I 7 Migliori Caschi da Sci e Snowboard per Slalom Sicuri

Il miglior casco da sci e snowboard ti consente di praticare ogni tipo di sport invernale in sicurezza e con il massimo comfort. E tra l’altro non è poi così male indossarlo perché, protezione a parte, si porta con stile, abbinato alla tuta o agli sci in mille colori e forme diverse.

In commercio ci sono modelli così comodi e caldi che non si rimpiangono i berretti di lana di una volta, a cui aggiungono un vantaggio fondamentale: quello di prevenire lesioni alla testa e, in certi casi, di salvare la vita.

Ci sono modelli specifici per chi pratica sci, snowboard e scialpinismo, da abbinare con gli altri indumenti tecnici come la maschera, gli scarponi e i guanti da sci.
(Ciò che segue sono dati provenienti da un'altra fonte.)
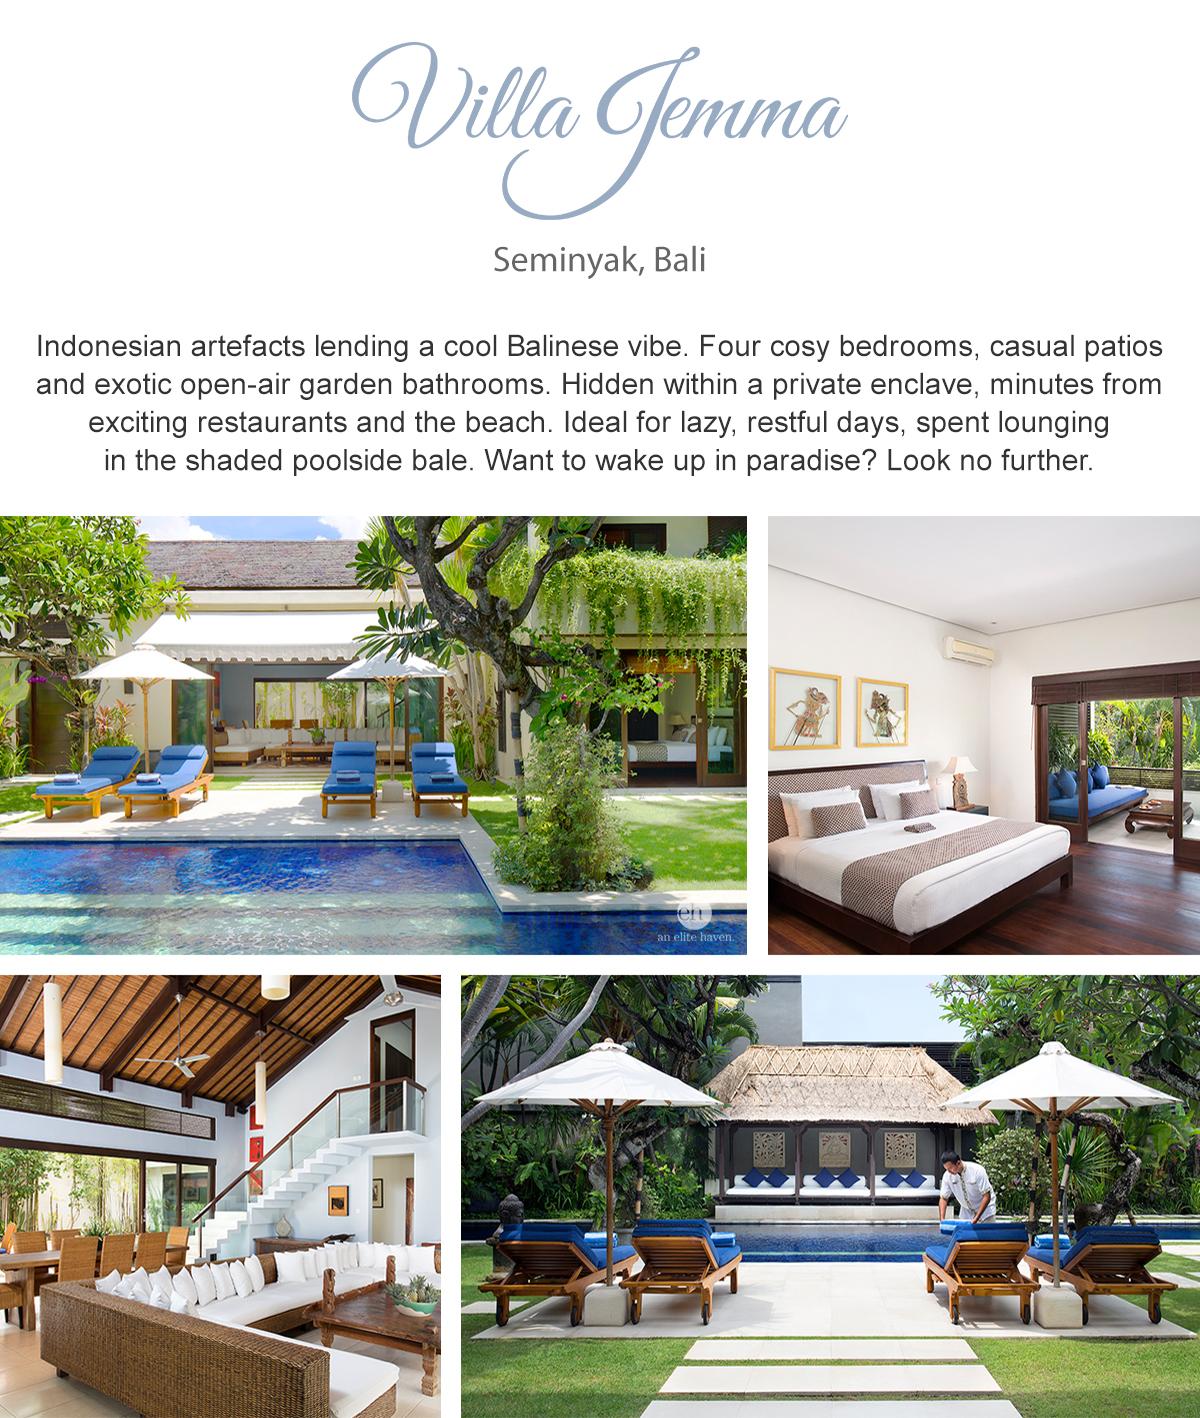 Villa Jemma - Seminyak, Bali

Fra le caratteristiche da valutare al momento della scelta vi sono la vestibilità, il comfort, la protezione dagli agenti atmosferici e, non meno importante, l’estetica.

Qual è il miglior casco da sci?

In commercio vi è una vasta gamma di caschi da sci che si differenziano per stili e funzionalità. Nelle recensioni che vi proponiamo qui di seguito sono stati presi in considerazione aspetti come la progettazione, la produzione e la certificazione.

Continuate a leggere per saperne di più!

1. Casco da sci Awe SSH15

Il migliore per: aerodinamica

Questo casco è sviluppato con un’avanzata tecnologia che lo rende aerodinamico, robusto e particolarmente comodo da indossare. Il sistema headlock unisize assicura un aggancio sicuro. Si rivela adatto per lo sci, lo snowboard e per la maggior parte degli sport invernali ed è conforme alle direttive CE EN 1077.

2. Casco da sci POC Receptor Backcountry Mips

Il migliore per: leggerezza

Casco da sci a mezza calotta, molto leggero e confortevole. Quando lo si indossa non esercita alcuna pressione sulla testa, non la comprime ma è comunque tra i più sicuri della categoria.

Permette una buona ventilazione, che è di tipo richiudibile tramite un inserto dello stesso materiale della fodera che si rimuove e va conservato separatamente. Ha un design lineare disponibile in diversi colori opachi o lucidi con inserti, che ne fanno anche un accessorio molto elegante. Ha in dotazione una sacca portacasco e un set di imbottiture interne di ricambio.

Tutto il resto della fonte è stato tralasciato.